Be that as it may, at some point the stone was either housed in, or was part of, the fabric of St Mary's Chapel. In 1730 the wall of St Mary's collapsed due to the excessive exertions of the verger, Abram Hammerton, undermining the foundations while digging graves. The collapse killed poor Abram and one other. His daughter Ester, who was his assistant, was trapped for seven hours in the grave under the debris, before being rescued. After recovering from her injuries, she succeeded her father as the verger. It was written that she had '...received a hurt that prevented her from ever wearing stays. In consequence of this and of her occupation in her father’s position, she ever afterwards used men's garments'.

The chapel’s remains were cleared away, but it was never rebuilt. The stone seems to have stayed beside the church until 1825, as 'The British Directory' entry places it there in 1793. In 1825 it was moved to the adjacent market square beside the old Elizabethan Town Hall. Its convenient shape and size made it useful as a horse-mounting block.

In 1840 the old Elizabethan building was pulled down to make way for a new town hall on the same site, in the centre of the square. The stone was moved to the yard of the Courts of Assizes outside Clattern House, a local government building about 150 yards beyond the marketplace. In 1850 it was placed on a heptagonal stone plinth located on an island in the road outside Clattern House.

There it remained for 85 years until a new guildhall was built on the site of Clattern House in 1935. The stone and its mounting were moved temporarily to the memorial gardens on the other side of the town square until the new guildhall was completed. It was then returned to the front of the new guildhall building, where it remains to this day.

Romancing the Stone

The patriotic Burghers of Victorian England were not slow to promote Kingston's association with the stories of the Saxon kings' coronations and its connections with royalty. Bringing together the erroneous Kingston name and the King's Stone story, they seem to have come up with what must have seemed a good idea. Not being ones to let the lack of any substantive evidence get in the way of a good story, they took a leap of faith and rediscovered the Coronation Stone.

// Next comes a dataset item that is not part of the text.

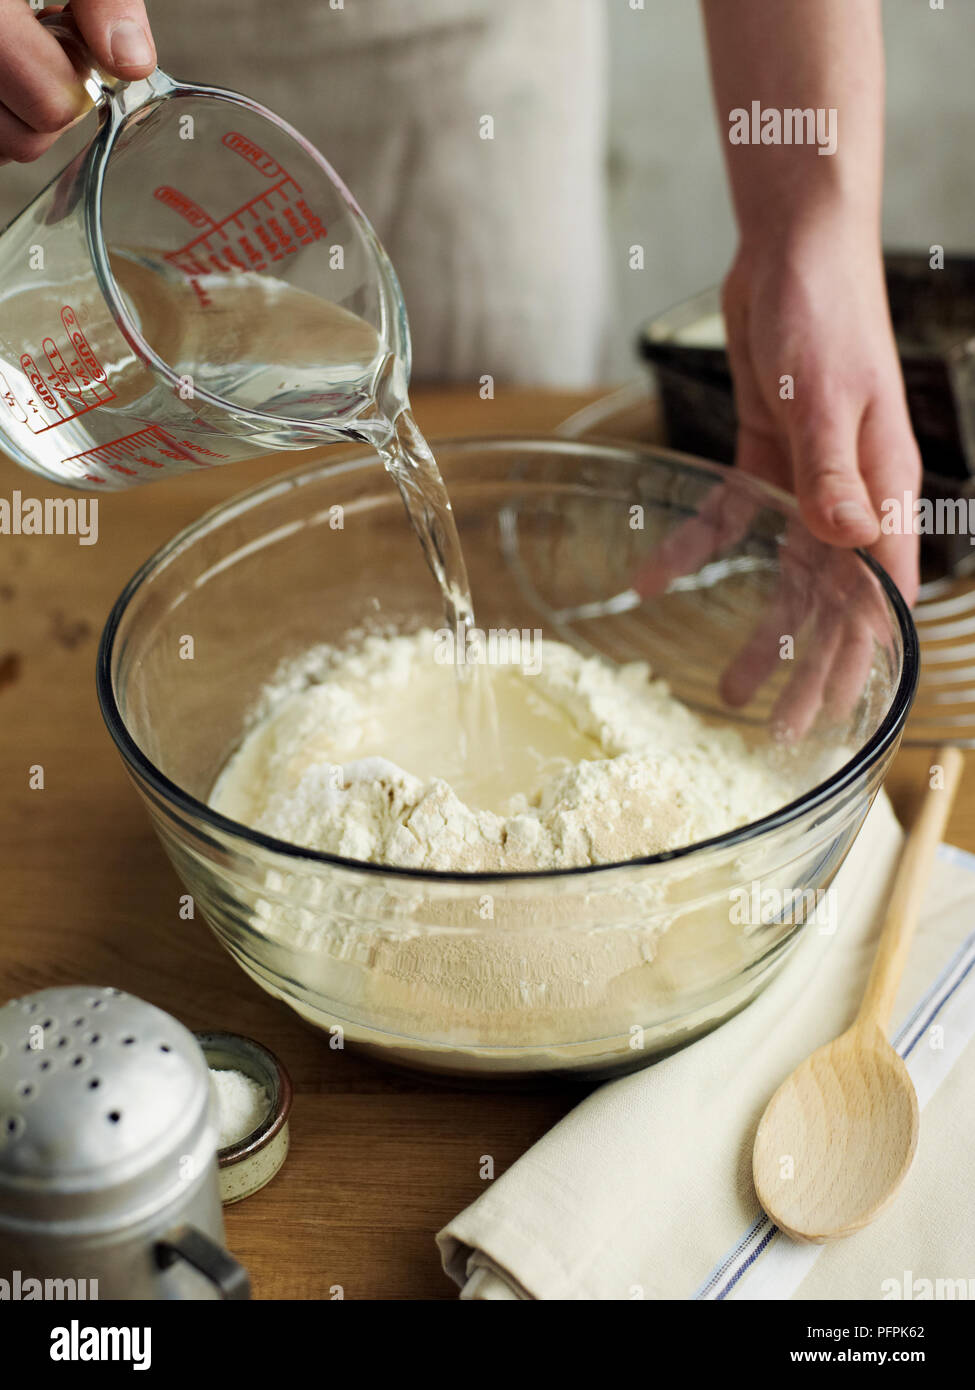 Das Gießen von Wasser aus der Kanne zu mischen mit anderen Zutaten in der Schüssel (Brot) Stockfoto
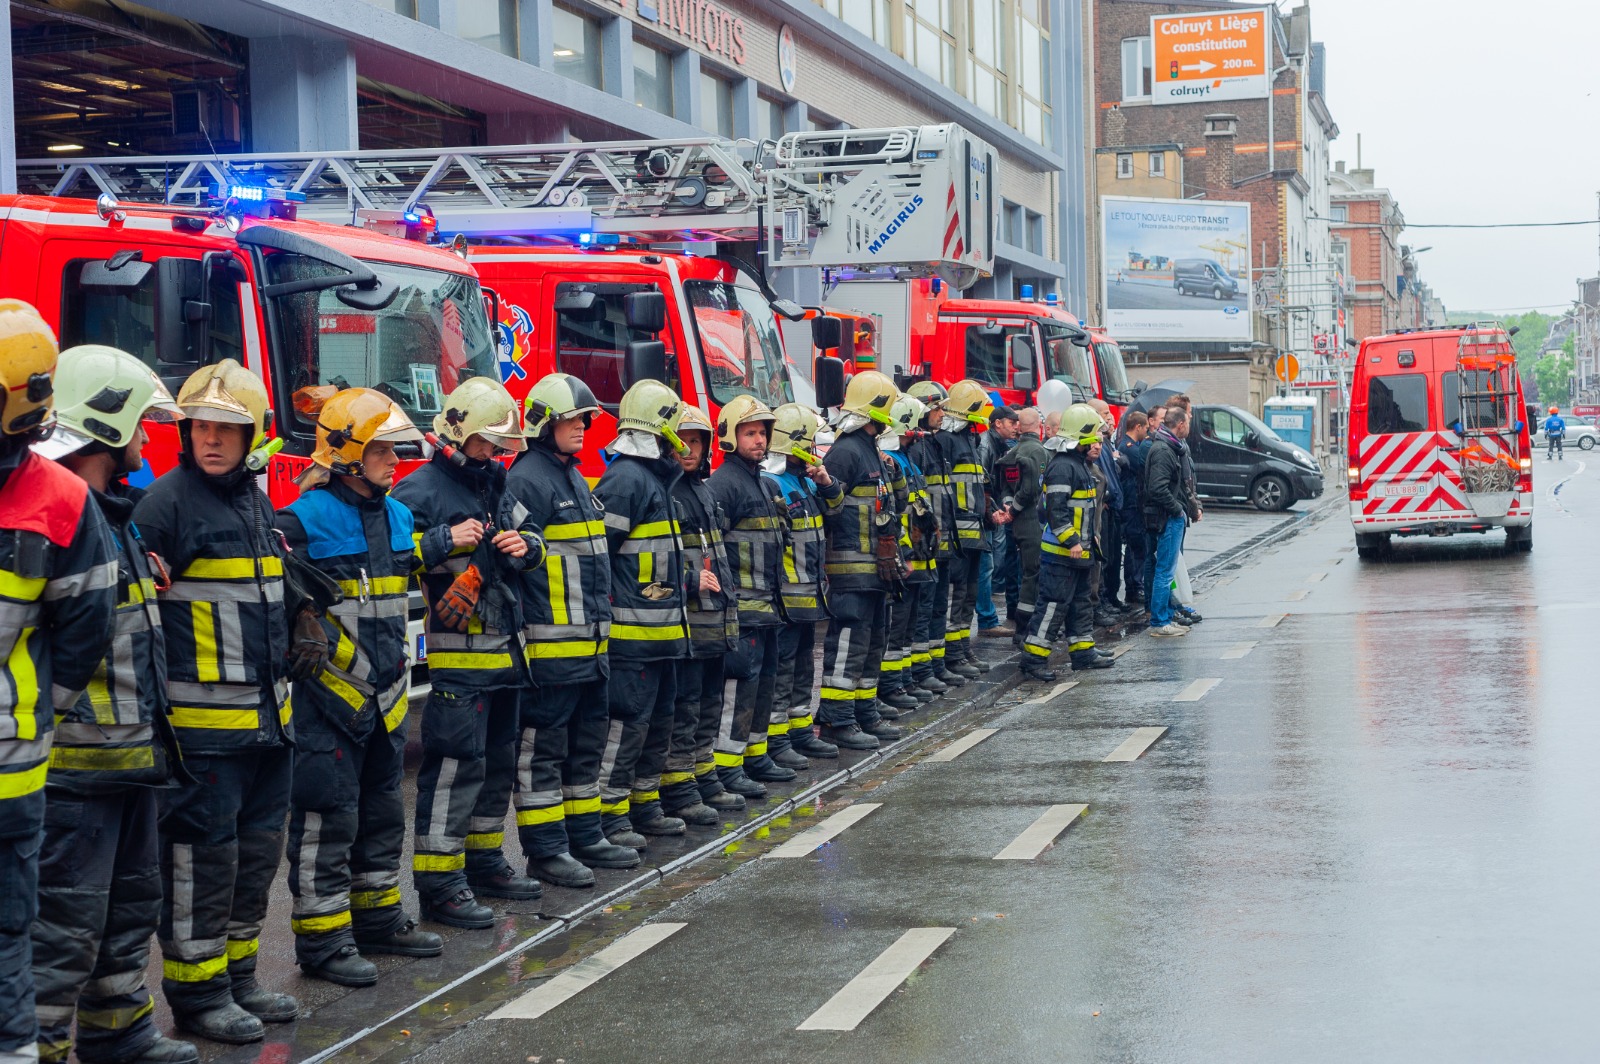 Caserne des pompiers de Liège : il faut agir maintenant pour la santé des pompiers et la sécurité des citoyens

In 1850, the then lord mayor of Kingston, Alderman Gould, inaugurated the stone in its new position (on the traffic island in front of Clattern House). It was mounted on a plinth and surrounded with railings and seven piers surmounted with copies of Saxon spears. The names of the kings appear on the plinth, and a silver coin from each of the reigns is incorporated into the legend on its base. The inauguration was carried out on Thursday 19 September, 1850 and included a public holiday and celebrations with full Masonic honours by the Freemasons of Surrey. This was followed during the afternoon by a public dejeuner and aquatic sports and a grand display of fireworks on the river. This of course elevated the stone's position on the social ladder overnight, from boot-scraper to revered historical object.

1The one chronological omission from this list is Edgar the Peaceful c943 - 975. There is good evidence that he was crowned at Bath in 963, some four years after coming to the throne. He is therefore not claimed to be one of Kingston's kings.2The 'hundred' was a division of a shire - an area of land which could support one hundred families.3Maps published by George Humble in 1627, near the end of Speed's life, were attributed to Speed but were almost certainly not his work. The title reads: 'England, Wales, Scotland and Ireland described and abridged with ye historic relation of things of worthy memory from a farr larger volume. Done by John Speed'.